Однажды в Лопушках
Шрифт:
Многое иллюзия.
— Мне лишние смерти ни к чему. Договоримся, и все сладится. Ты мне вот игрушечку эту, я тебе твою тетку с племянничком… и даже суженого не трону.
— Так уж и не тронете?
— А на кой оно мне? Бестужев, конечно, еще тот поганец, но за свою кровь… все мы за свою кровь держимся.
Правду сказал. Некроманты вообще стараются не лгать без нужды. Тьма этого не любит.
— Тогда как все-таки получилось, — Николай погладил бледную руку ведьмы.
Не ведьмы.
Уже не ведьмы.
Никогда не ведьмы.
Но услышала.
— Получилось… так и получилось… твой отец всегда-то был охоч до баб… жена терпела. Разумная женщина. Жаль, что преставилась, уж с ней не думал… вышло так оно. Так вот, и в университете этом… а что, рожа смазливая, подать себя умеет. Вот и не было отбоя. То одна, то другая, сами ноги раздвигают.
— Вы…
— Не знаю, чего уж там у них приключилось. Верю, что матушка твоя надеялась на большее, но вышло, что вышло. Я про роман не знал.
— Так уж и не знали?
— Неужто думаешь, девонька, у меня дел иных нет, кроме как за девками сына приглядывать? Чай, невеликое дело. Потому-то и о тебе я знать не знал, пока… та история не приключилась.
— Какая?
От усадьбы отошли в лес, и лес этот раздраженно загудел. Ему не нравилась тьма, и люди тоже не нравились, особенно один.
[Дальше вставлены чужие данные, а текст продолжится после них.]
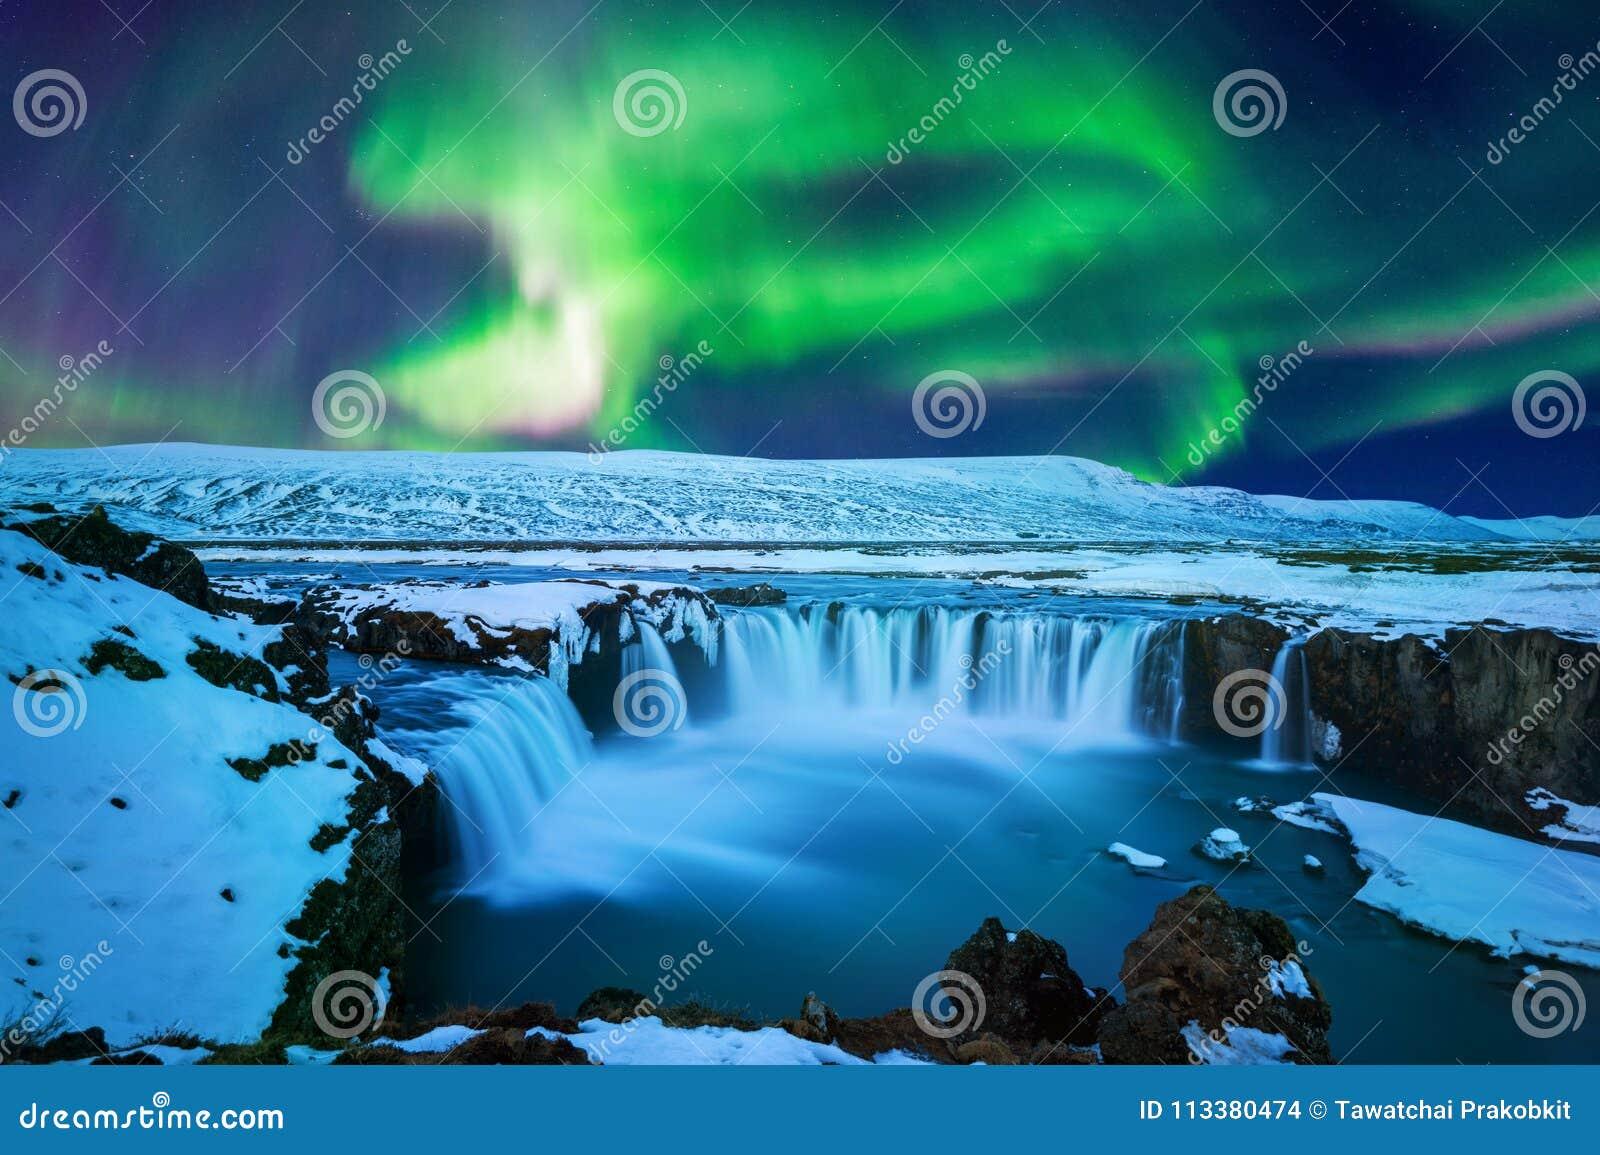 Lumière du nord, aurora borealis à la cascade de Godafoss en hiver, Islande
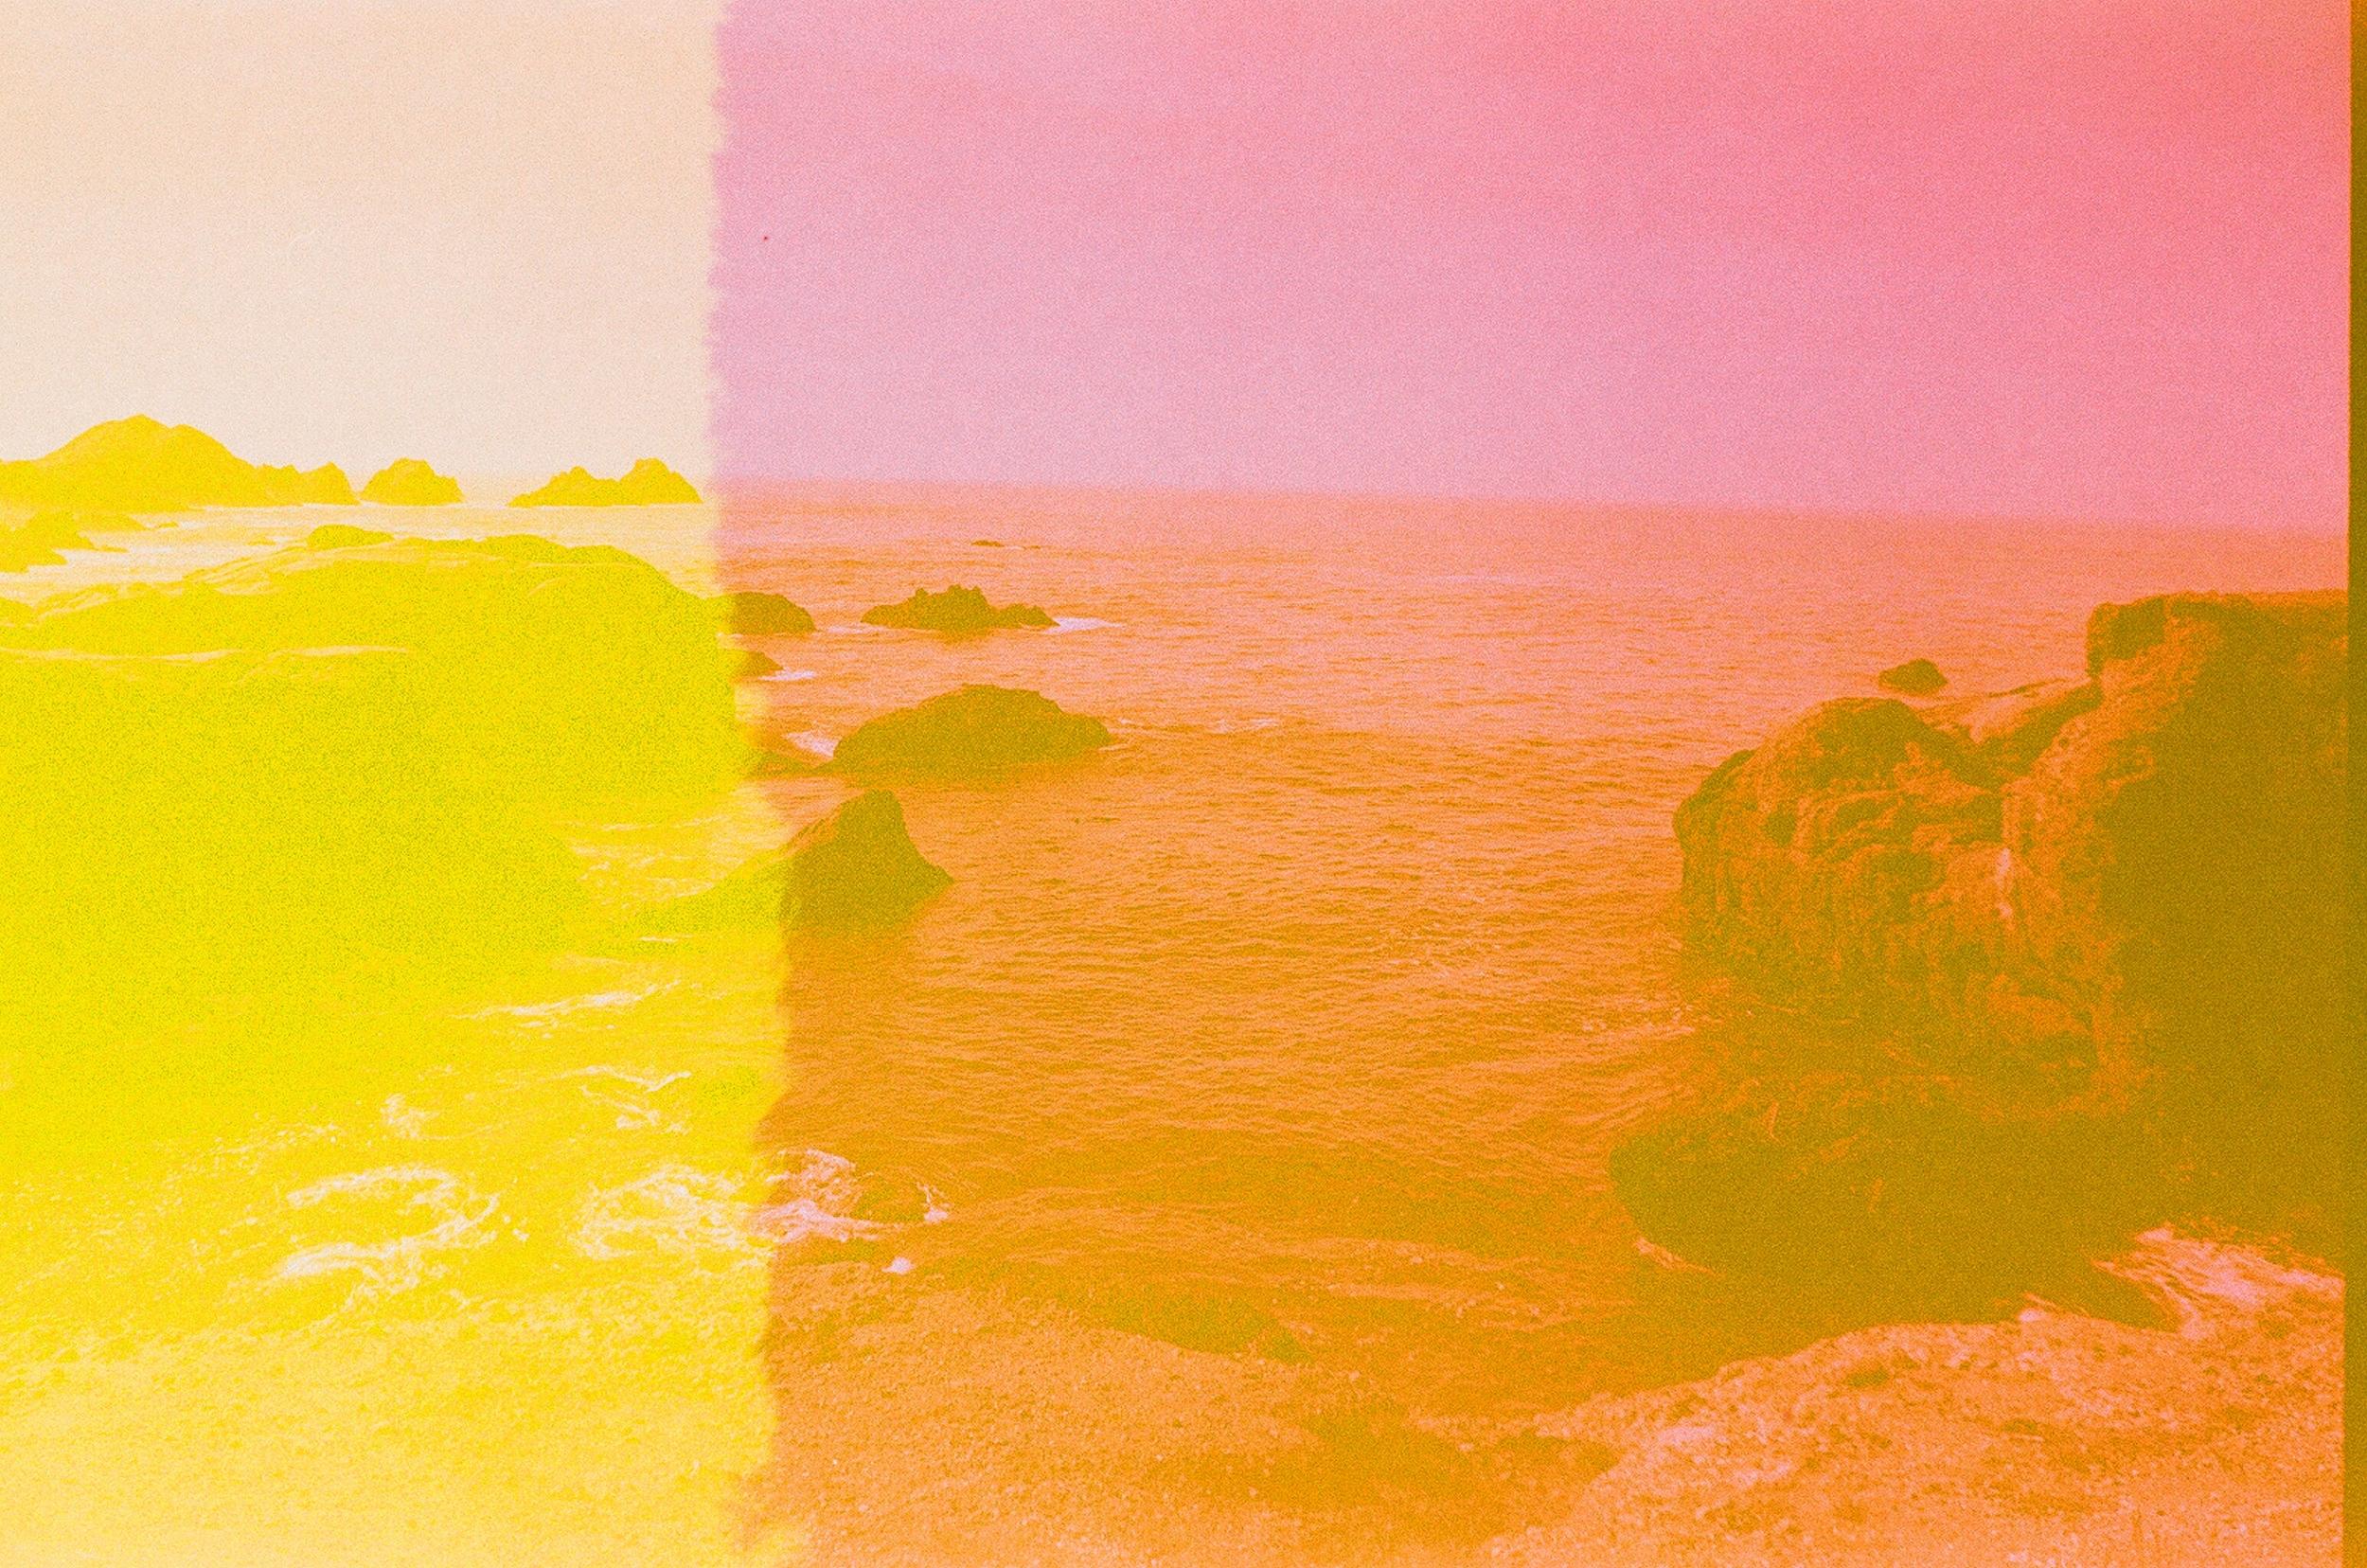 Pink Lobos, 35mm

Николай и сам бы от него избавился, но что-то подсказывало, что не выйдет.
— Позвонил мне знакомец один… хороший человек, благодарный. И сказал, что младшенький мой засветился в одном деле. Нехорошем деле… об убийстве… имя назвал потерпевшей, да только оно мне ничего не сказало. А еще добавил, будто делом Бестужев весьма интересуется. Что вроде бы убитая кем-то там доводится нынешней пассии Бестужева. Вот так-то…
Ведьма не пыталась вырвать руку.
Шла.
Задумчивая. Сосредоточенная. Сжимающая в руке темный-темный камень, от которого фонило силой и так, что собственная Николая тьма приходила в немалое волнение.
— Пришлось заниматься. Конечно, мне говорили, что связался Андрюшенька с нехорошими людьми. И случалось его… выручать, но вот одно дело слышать, другое — видеть, во что он превратился. И ничтожество ничтожеству рознь, деточка.
Пришли.
Николай ощутил это раньше, чем по взмаху стариковской руки закружили листья. Под листьями обнаружился камень того древнего вида, который разом пробуждает мысли о нехорошем.
— Становитесь. И не надо трястись, дурного не случится. Иначе в храм не попасть, — старик махнул рукой.
На камень уместились, правда, теперь Потемкин стоял близко, на расстоянии вытянутой руки. От него остро пахло смертью и болью, и тьма отползла, признаваясь в собственной слабости.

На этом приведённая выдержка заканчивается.